8.1 Introduction to Kubeflow

Kubeflow is an open-source platform for managing ML workflows on Kubernetes. It consists of:

  • Pipelines: ML workflow orchestration
  • Notebooks: Managed Jupyter notebooks
  • Katib: Hyperparameter tuning
  • KServe: Model serving
  • Training Operator: Distributed training

8.2 Kubeflow Pipelines

# kubeflow_pipeline.py
import kfp
from kfp import dsl

@dsl.component(base_image="python:3.11", packages_to_install=["pandas", "scikit-learn"])
def prepare_data(data_path: str, output_path: kfp.dsl.OutputPath(str)):
    import pandas as pd
    from sklearn.model_selection import train_test_split

    df = pd.read_parquet(data_path)
    train, test = train_test_split(df, test_size=0.2)
    train.to_parquet(f"{output_path}/train.parquet")
    test.to_parquet(f"{output_path}/test.parquet")

@dsl.component(
    base_image="python:3.11",
    packages_to_install=["scikit-learn", "mlflow", "pandas"]
)
def train_model(
    data_path: str,
    n_estimators: int,
    max_depth: int,
    model_output: kfp.dsl.OutputPath(str),
    mlflow_uri: str
):
    import mlflow
    import pandas as pd
    from sklearn.ensemble import RandomForestClassifier

    mlflow.set_tracking_uri(mlflow_uri)

    df = pd.read_parquet(f"{data_path}/train.parquet")
    X = df.drop('target', axis=1)
    y = df['target']

    with mlflow.start_run():
        model = RandomForestClassifier(
            n_estimators=n_estimators,
            max_depth=max_depth
        )
        model.fit(X, y)

        run_id = mlflow.active_run().info.run_id
        mlflow.sklearn.log_model(model, "model")
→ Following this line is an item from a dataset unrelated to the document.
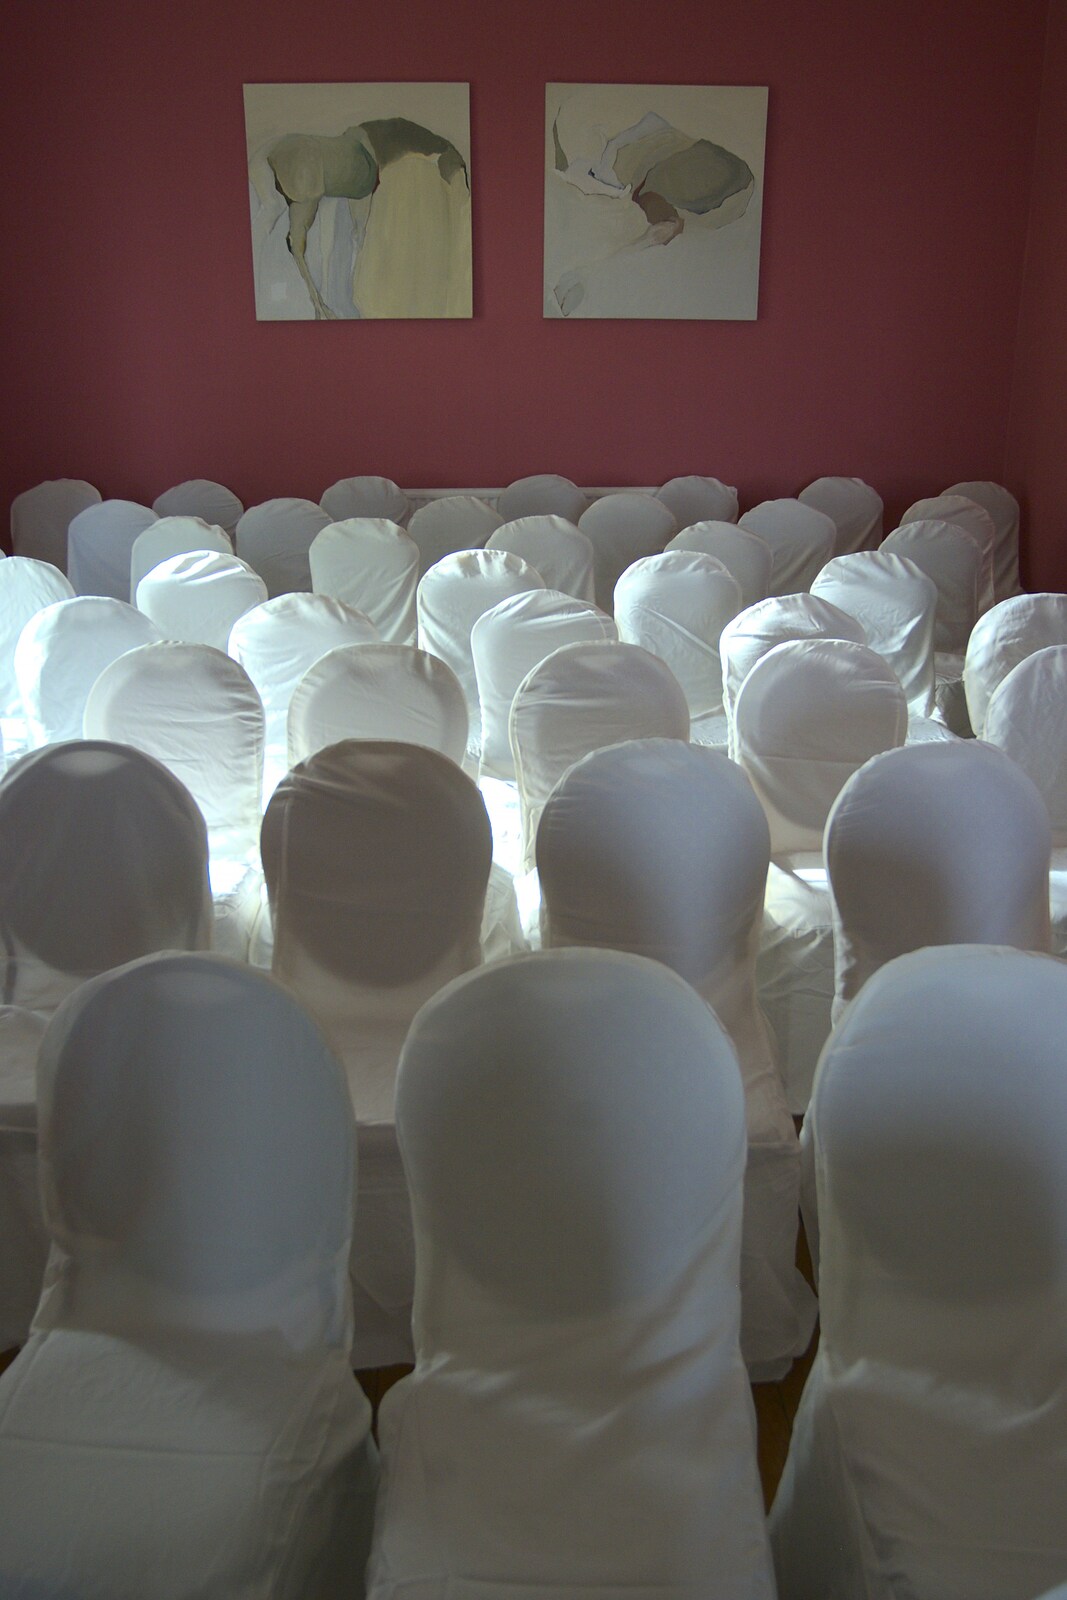 A collection of wedding chairs from A Trip to Dingle, County Kerry, Ireland - 21st July 2009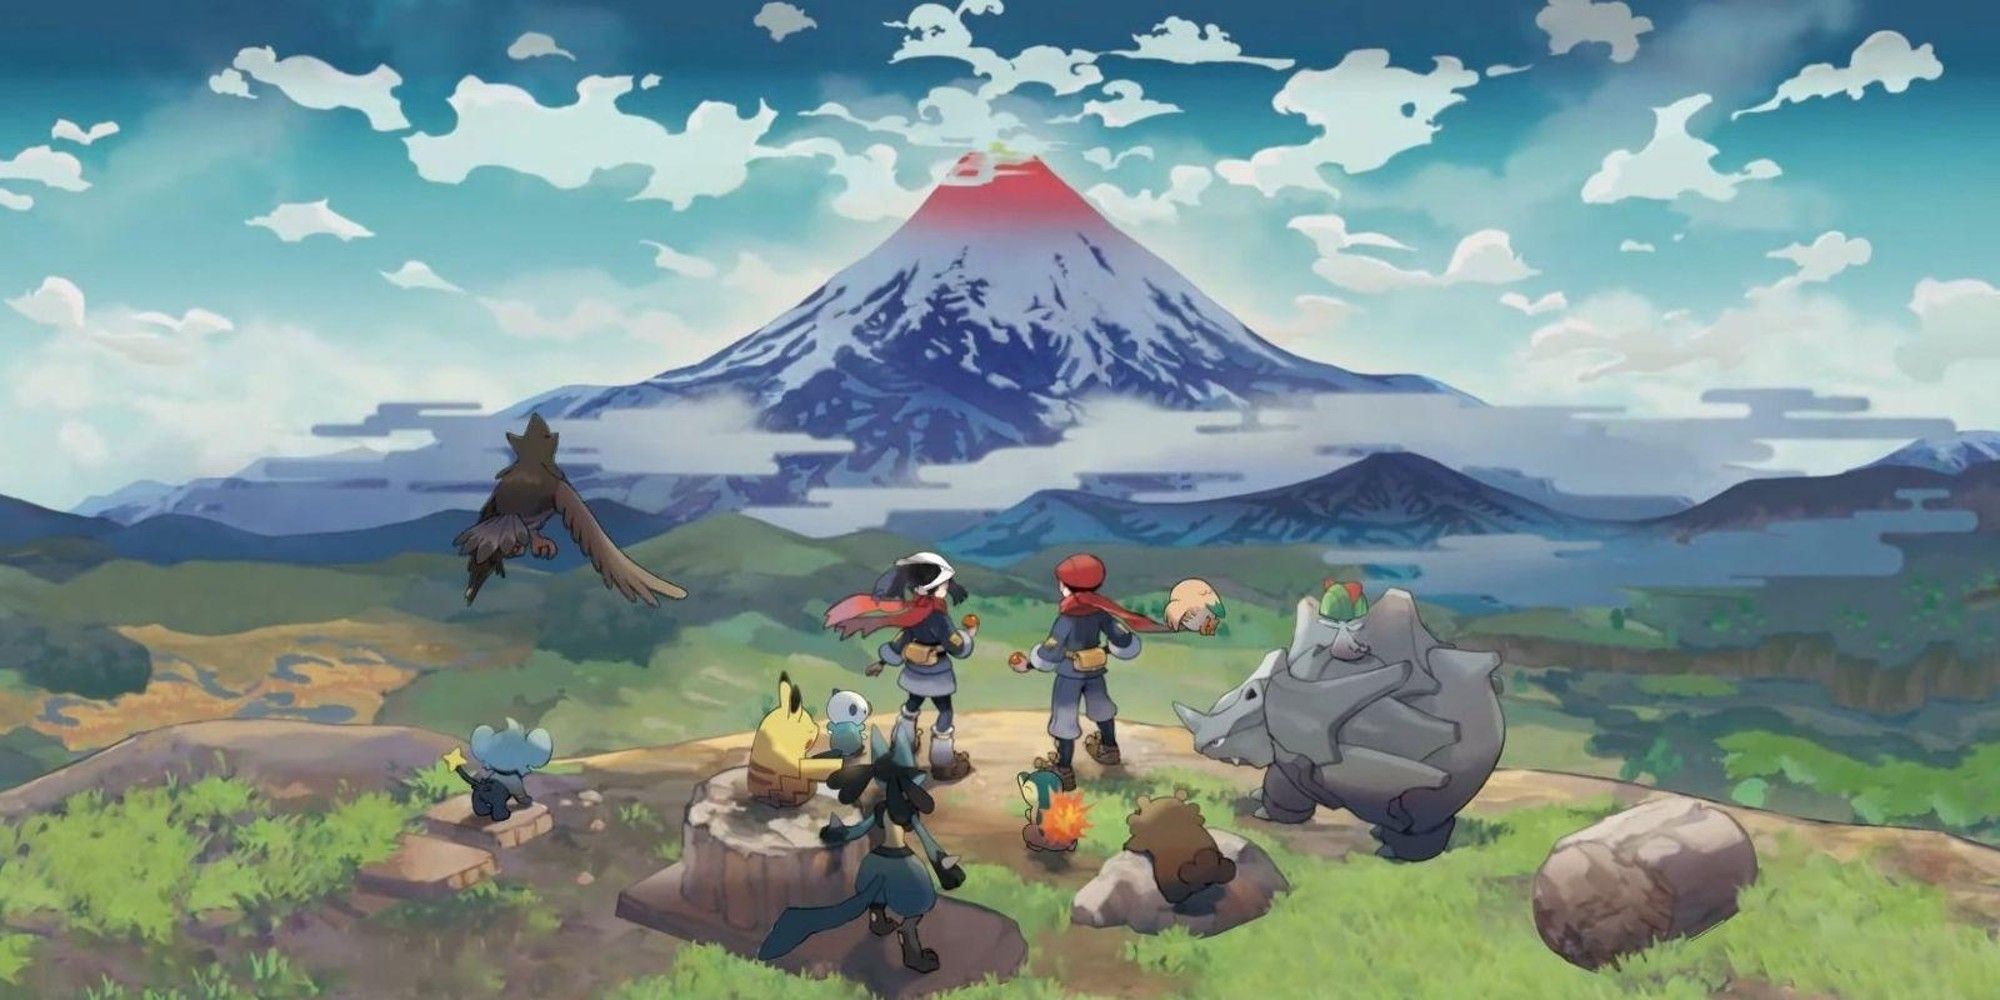 Pokémon Arceus legends: many new features in the extended gameplay trailer

    with open(model_output, 'w') as f:
        f.write(run_id)

@dsl.pipeline(
    name="ML Training Pipeline",
    description="End-to-end ML training pipeline"
)
def ml_pipeline(
    data_path: str = "gs://my-bucket/data/train.parquet",
    n_estimators: int = 100,
    max_depth: int = 5,
    mlflow_uri: str = "http://mlflow:5000"
):
    prepare_task = prepare_data(data_path=data_path)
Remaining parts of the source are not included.